The Method: Turn User Corrections into a Living AI System
Ronak Malde, co-founder of Trajectory.ai, doesn’t mince words about AI in critical industries. “For a field like legal like getting 80% of the way there is the same thing as zero,” he says. This isn't about general accuracy; it's about the gap between 'mostly right' and 'fully correct' in contexts where mistakes carry heavy consequences. That 20% gap, where a human expert steps in to fix an AI’s output, is the goldmine.
Trajectory.ai's core insight is to treat these human corrections not as failures, but as invaluable "expert traces." When an AI agent attempts a task—say, drafting a legal document—and a human user modifies it, those specific edits are captured. The platform then "takes all of the data, all of the expert traces, the agents and distill it into one format which is what we call the trajectory." This single format holds everything needed to create the training loops, evaluations, and environments for a constantly improving model.

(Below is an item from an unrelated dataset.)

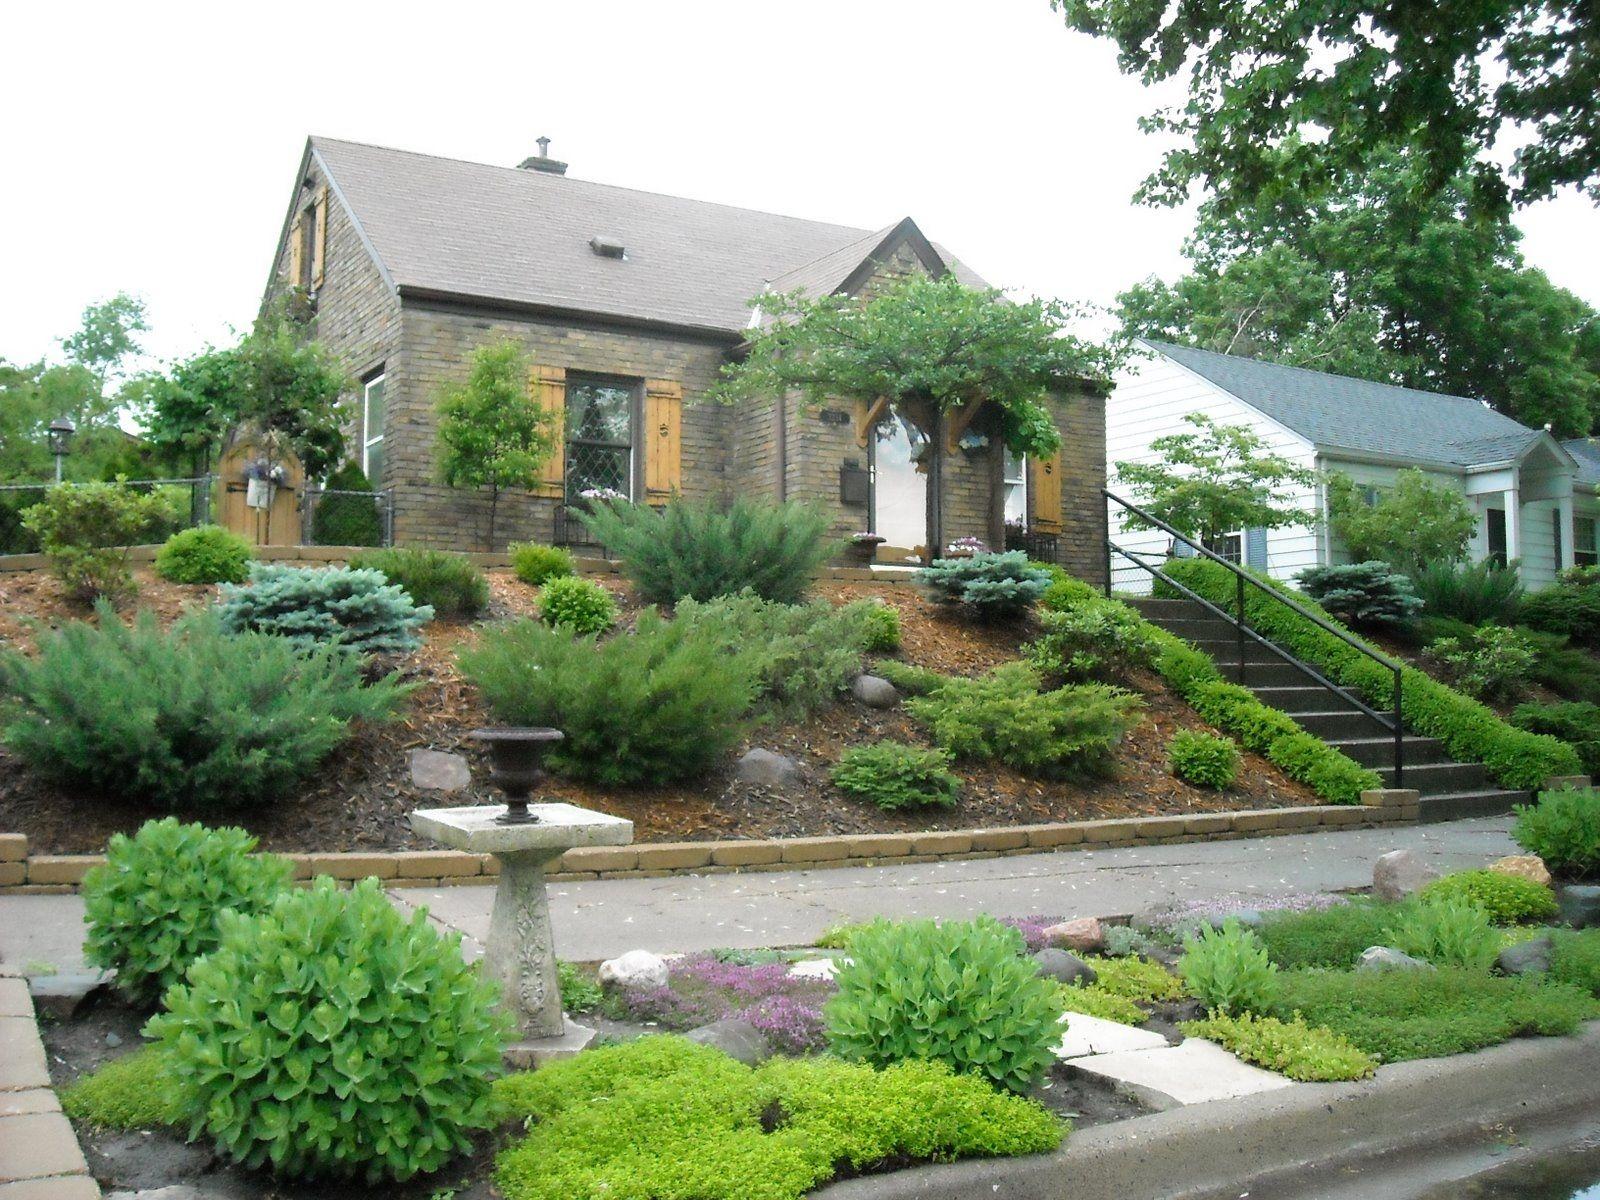 Landscape sloped back yard landscaping ideas backyard slope

This isn't just theory. Trajectory.ai partnered with Harvey and Nvidia to train Neumatron 3 Super, aiming for "the paro frontier" on crucial legal workflows. The result? A system that delivers a faster and cheaper solution than current frontier models, while also ensuring sovereign intelligence for sensitive data. This approach shifts AI from static deployments to self-learning "living systems" that adapt from real-world user interactions.

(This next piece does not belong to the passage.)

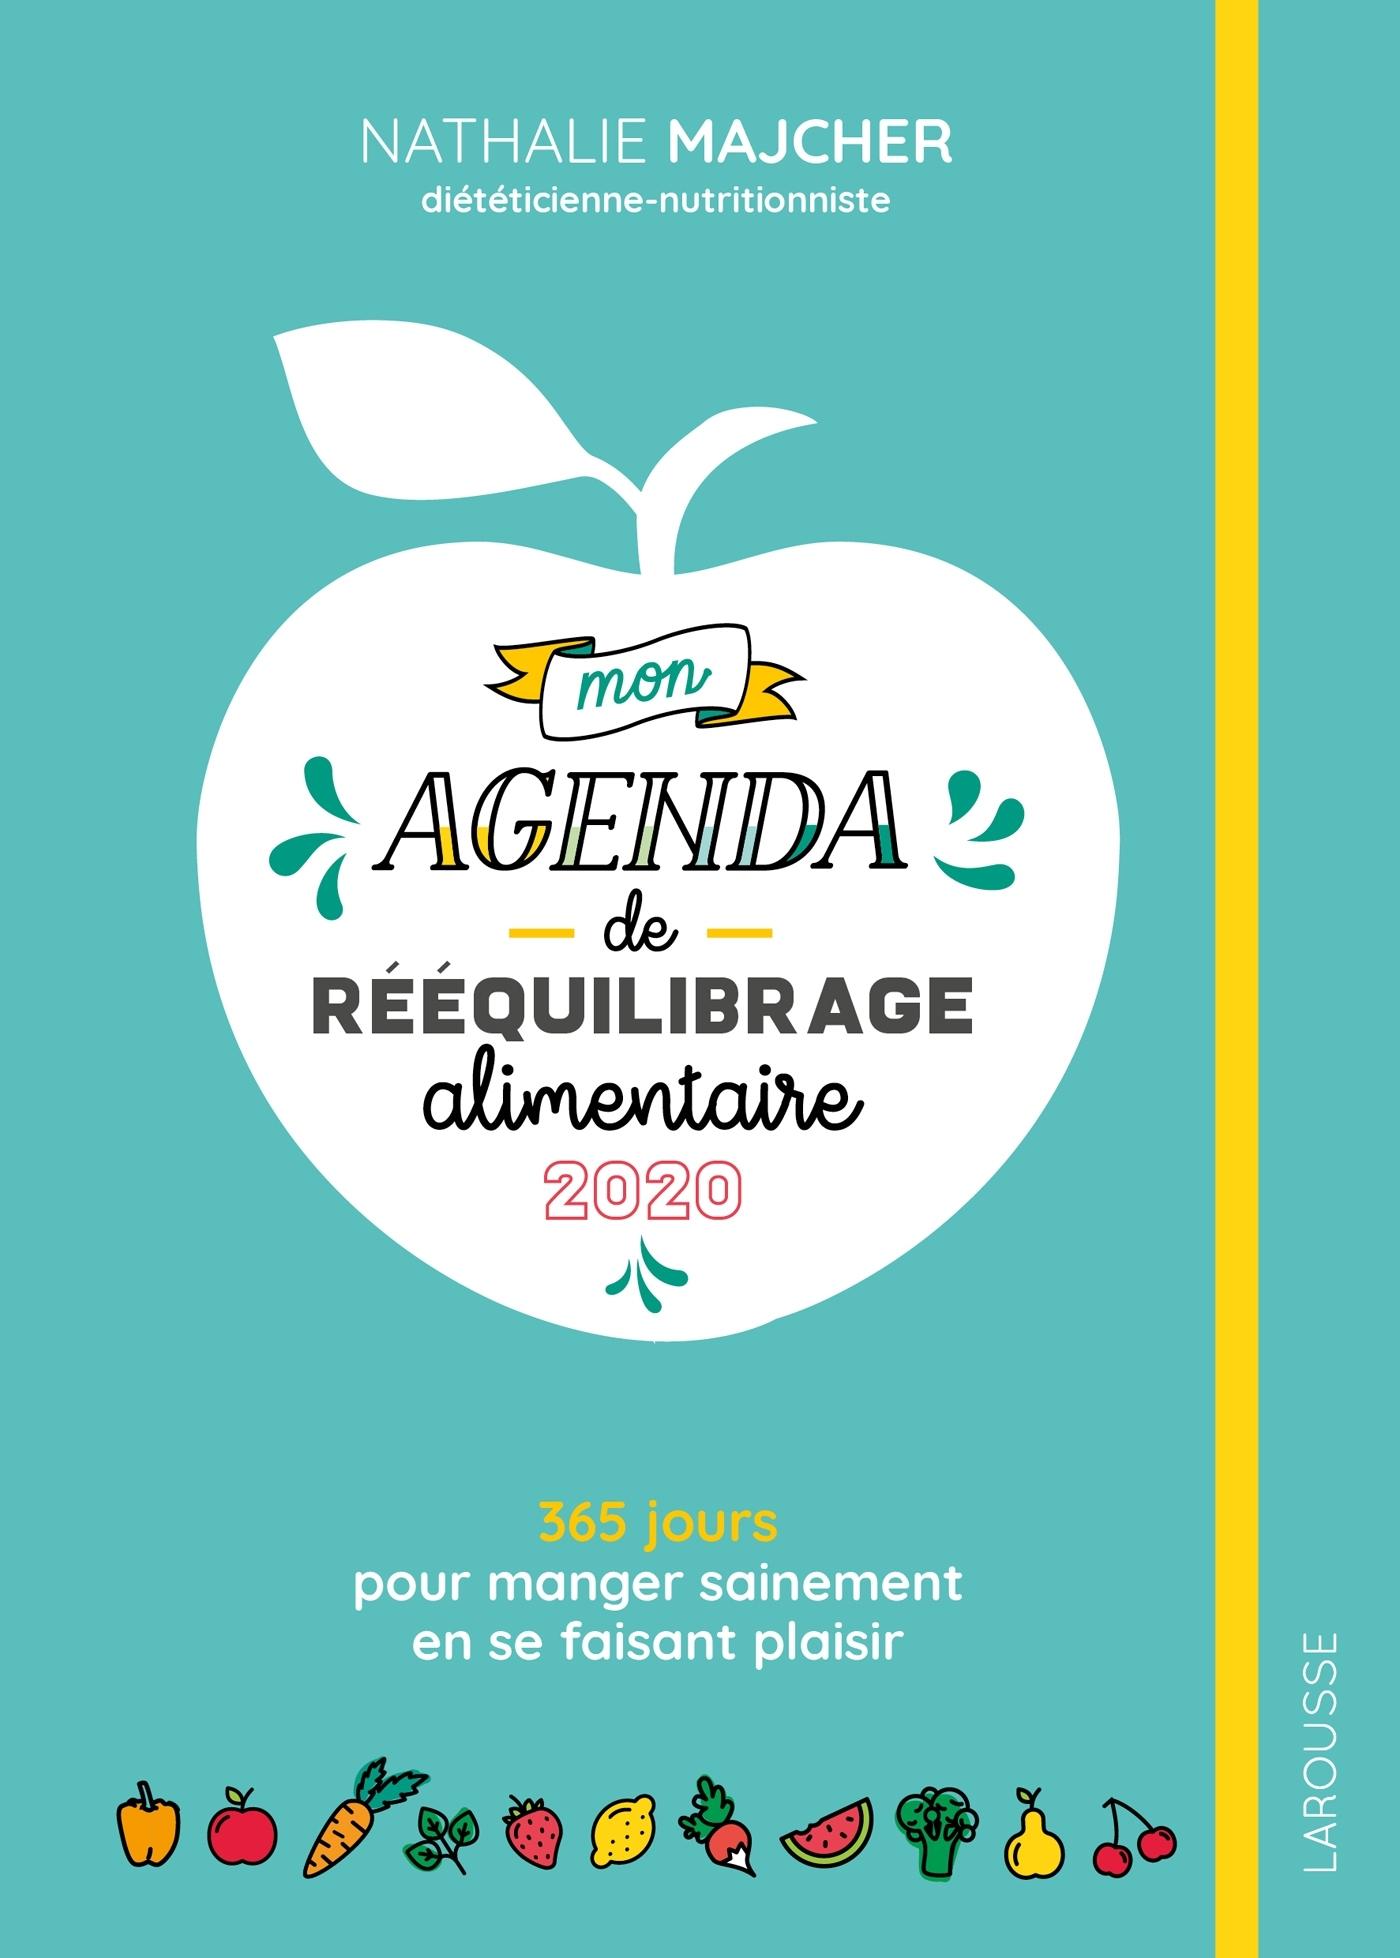 MON AGENDA DE REEQUILIBRAGE ALIMENTAIRE

Building on this method, Trajectory.ai designed their platform to scale quickly. “Our current partners are Clay, Harvey, Rogo, Dakugon, Mor,” Malde explains. He points to the speed: the first engagement took three months to set up. Now, they can train a model with Harvey in under a month, and onboard a new customer, getting a model trained, within a week. This rapid iteration creates a powerful flywheel, constantly improving the AI with fresh, high-quality, real-world data.
Where This Breaks Down
This method shines when expert human feedback is both available and structured. It might falter in situations where users don't actively correct AI outputs, but simply discard or ignore them. If there's no visible "trace" of correction—no direct user edit to capture—the continuous learning loop breaks. Similarly, if the corrections are highly subjective, inconsistent, or lack true expert insight, the training data could introduce noise rather than improvement. This approach relies on the assumption that human users are performing a precise, valuable correction, not just a preference adjustment. It also needs a product interface where AI outputs are editable and those edits can be logged intelligently.
What to Do With This
First, audit your existing product flows: where do your users interact with AI-generated content? Identify every instance where they correct, modify, or refine an AI's output. This is your overlooked "expert trace" goldmine. Second, for one high-value workflow, design a lightweight system to capture not just the final user output, but the difference between the original AI attempt and the user’s correction. This granular feedback is the raw material for a continually learning system. Finally, challenge the notion of "good enough" AI. If your model is 80% accurate but still requires significant human rework, it's a productivity drain, not a gain. Prioritize systems that are designed from day one to learn from every human touch.